Microscopic heterogeneity of low cyclic fatigue damage in Ni-based single crystal superalloy DD413

Abstract

The heterogeneous low cyclic fatigue damage level in the Ni-based single crystal superalloy DD413 was quantitatively assessed under the strain control of ±0.8% and ± 1.1%. The specimens subjected to ±0.8% strain amplitude exhibited an almost pure elastic deformation response throughout the entire cyclic loading period. In contrast, the ±1.1% strain-controlled deformed specimen exhibited a gradual increase in plastic strain, rising from 0.046% in the 1st cycle to 0.072% by the 268th cycle.
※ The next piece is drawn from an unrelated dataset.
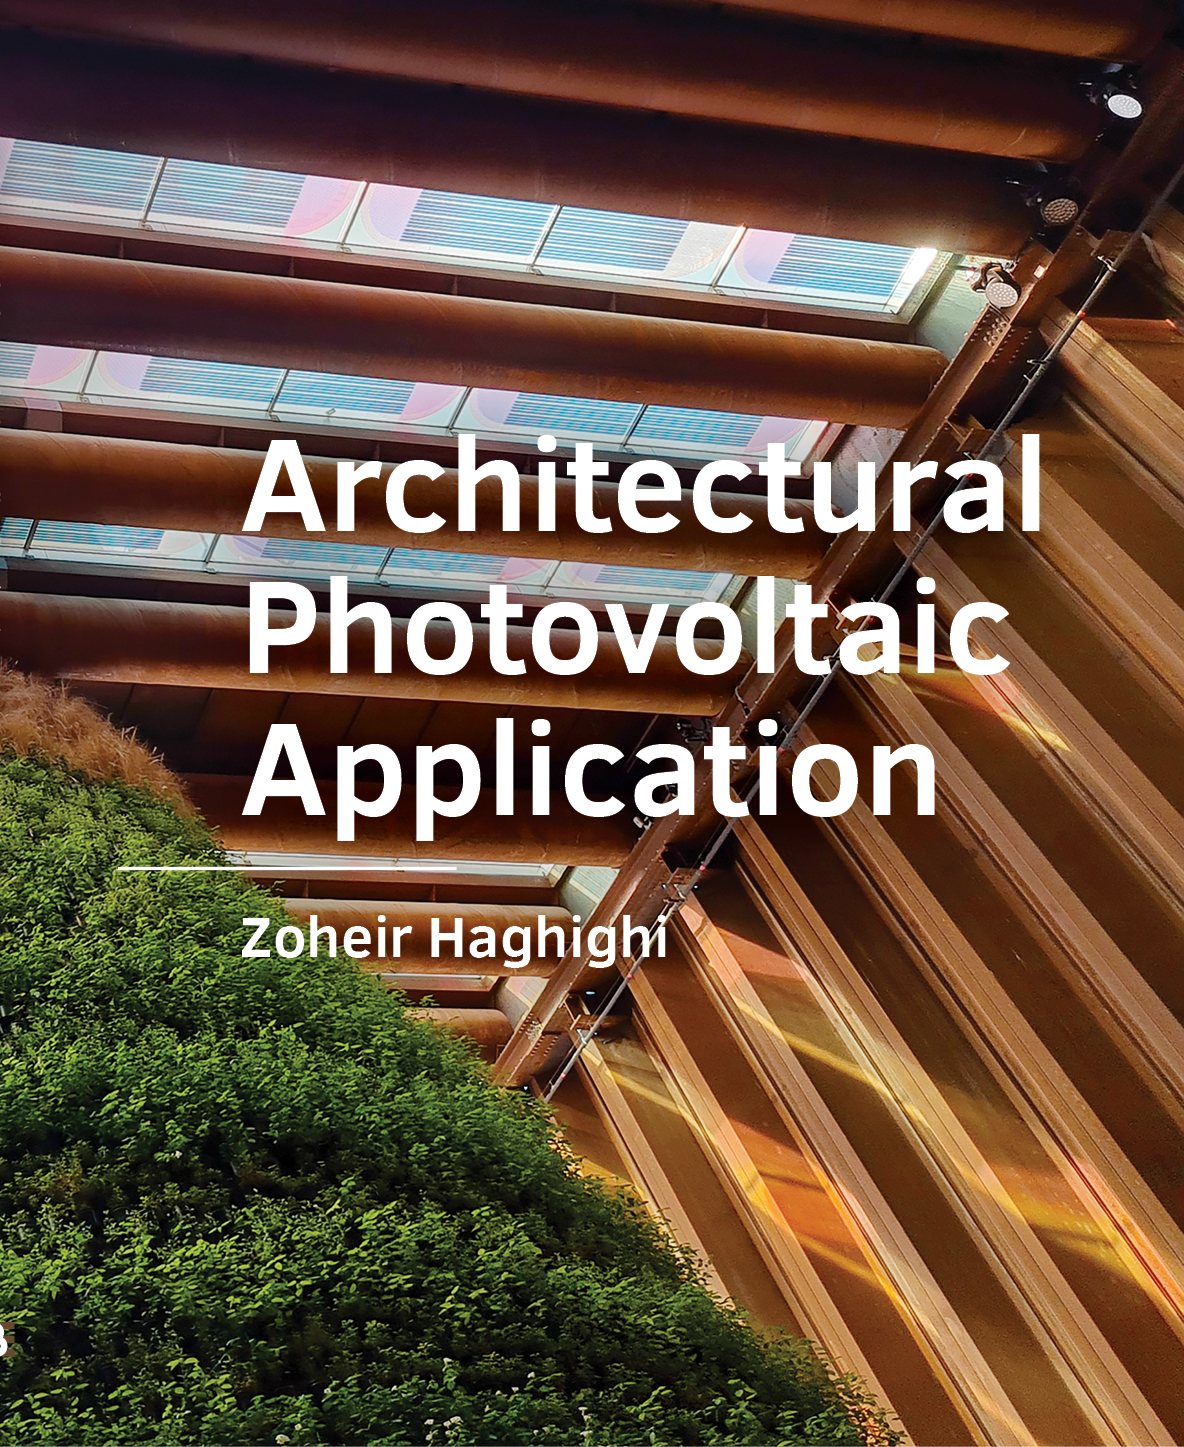 					View No. 20 (2022): Architectural Photovoltaic Application

The brittle carbides caused a significant mechanical incompatibility with the matrix. This was observed through the orientation dispersal over 16° in the {001} pole figure of the ±1.1% specimen, which was substantially broader than the ±0.8% specimen where the dispersion was only 1.2°. The large orientation gradient in the interdendrite (IR) triggered the dispersion of the microstructure-averaged orientation of the ±1.1% specimen, as evidenced by a mean grain reference orientation deviation (GROD) angle three times higher in the IR compared to the dendrite (DR). While the DR and IR of ±0.8% specimen showed similar mean GROD angles. This substantial orientation gradient was sustained by the high density of geometrically necessary dislocations (GNDs) in the IR, which was double that of the DR. Differently, the DR and IR in the ±0.8% specimen exhibited similar mean densities of GNDs. The study suggests that minimizing microstructural heterogeneity at the dendritic scale may enhance the durability of DD413 alloy components when exposed to cyclical stress with greater strain amplitudes.